Tonight's topic is from a mountaineering metaphor, something known as a "false summit." When climbing a mountain, it's common to see only the shoulder of the mountain and think that it's the summit (the actual summit is hidden from view behind the shoulder.) It's hard for the climber once the actual peak comes to view to learn that the journey will be just a little bit longer. Even so, steady perseverance overcomes such mental setbacks and wins the prize.

Medically speaking the liver surgery was my biggest hurdle. If that hadn't had the somewhat unexpected outcome of complete success none of the other stuff would have mattered. Now that is over and working great, but there is still a lot of hill left to climb. I'm in week three of the radiation treatment, and feeling the side effects now. They include diarrhea, burned or tender skin, fatigue, and falling blood platelet counts. Three more weeks of radiation to go and then it should be behind me. It's no fun, but not all that bad so far.

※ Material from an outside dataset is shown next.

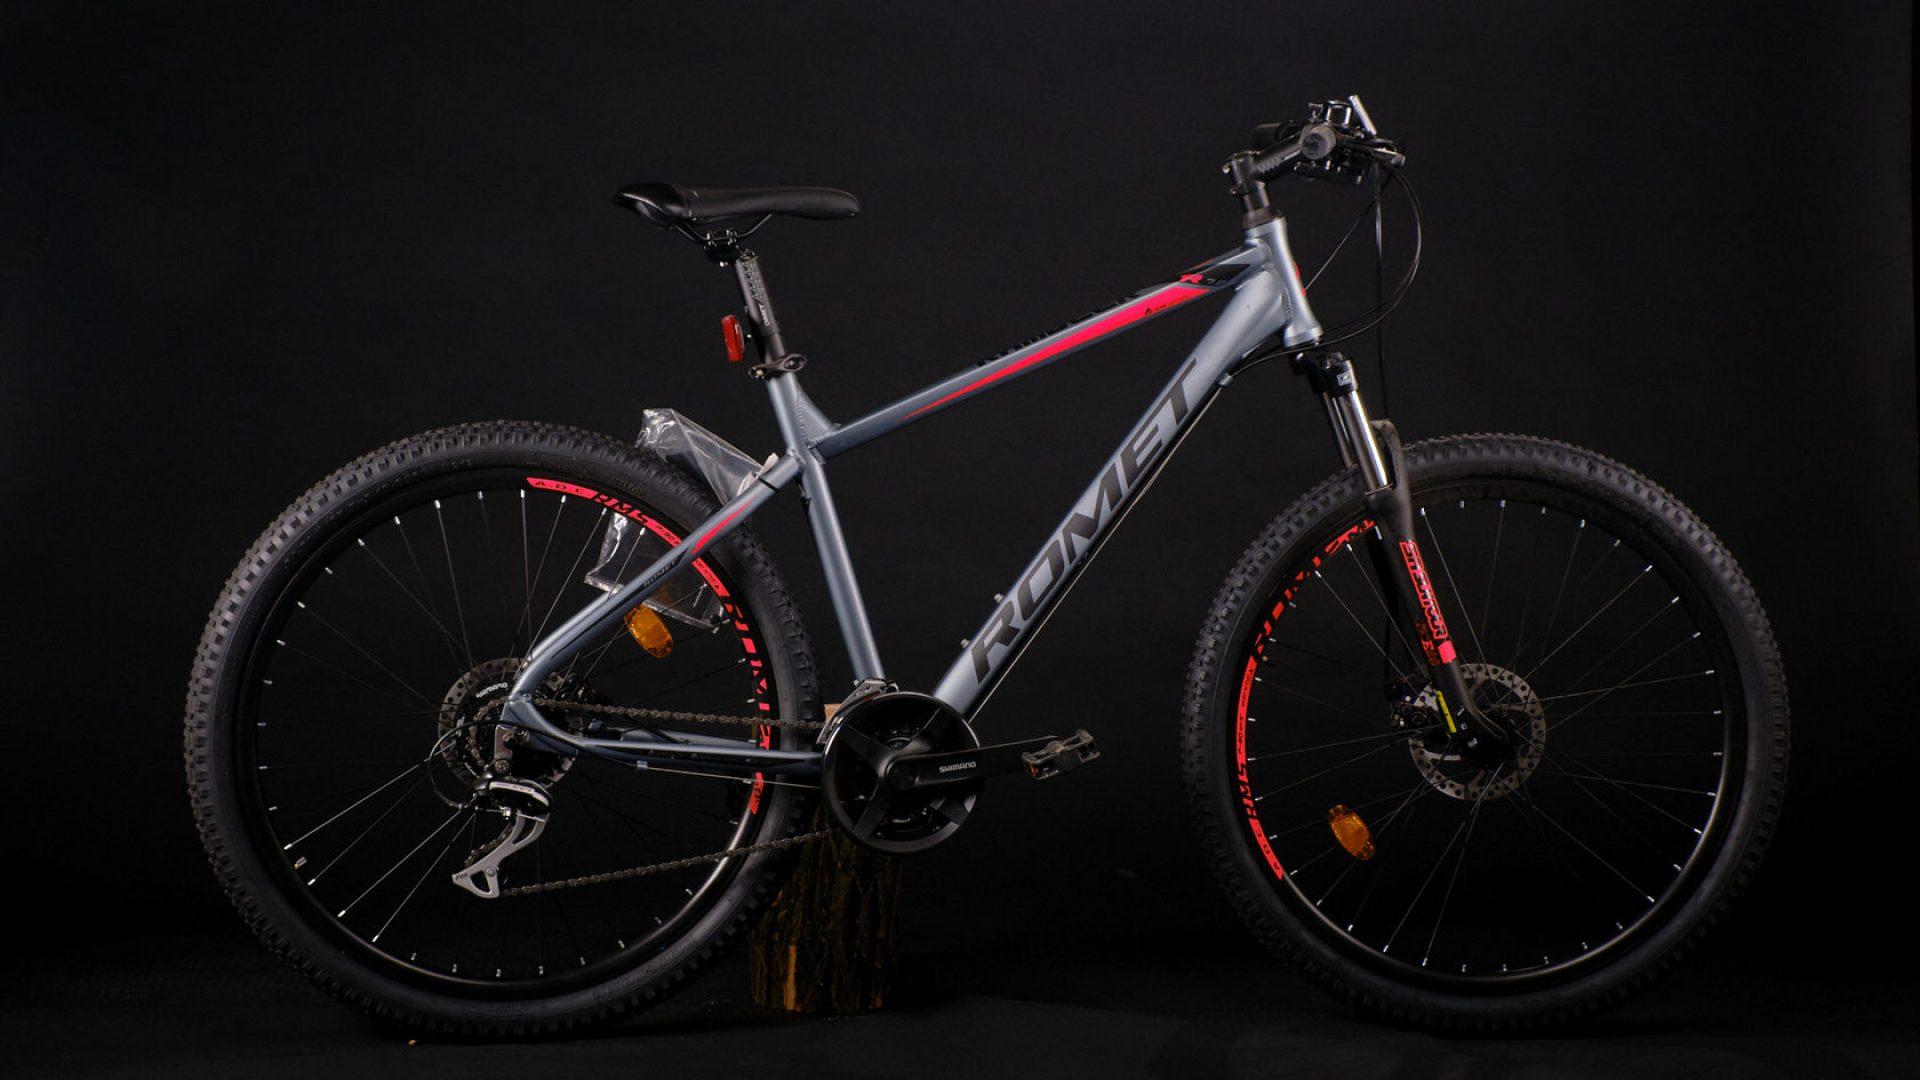 Предметная фотосъемка — Велосипед

Last Monday I met with the surgeon who will do my colon resection. He wants to wait for a period of a few weeks for me to recover a bit after radiation before doing his thing, which ought to happen about the first part of May. Though we'd hoped for a relatively easy procedure, it turns out that this one might be more than just a walk in the park. He won't know until he's in there and actually hands-on, but he spoke of things like having to reconstruct a pouch out of intestine to simulate a colon, the possibility of nerve damage affecting sexual function, having a temporary (but hopefully not permanent) colostomy bag, and several weeks of recovery before things get back to normal. I suppose that is "relatively" easy compared to the dire things that are associated with a massive liver resection.

But wait! There's more! After all of that, the oncologist wants to give me seven more weeks of intense chemo "just to be sure". That's the heavy dose kind, like I had before, with the effects such as cold sensitivity, long-lasting numbness in hands and feet, horrible-tasting mouth, and a grey, death-like pallor. Lovely.

With all of that, the goal here is a once-and-for-all cure, and that is what keeps me going. They said that this would be long and hard. Even with this latest extension in the treatment, I'd much rather do it once and do it now than to have this come back at some later time. That's the attitude I have when I tell them to "bring it on" and let's beat this thing and put it down for good.

Thank you all for your attention and support. It means the world to me.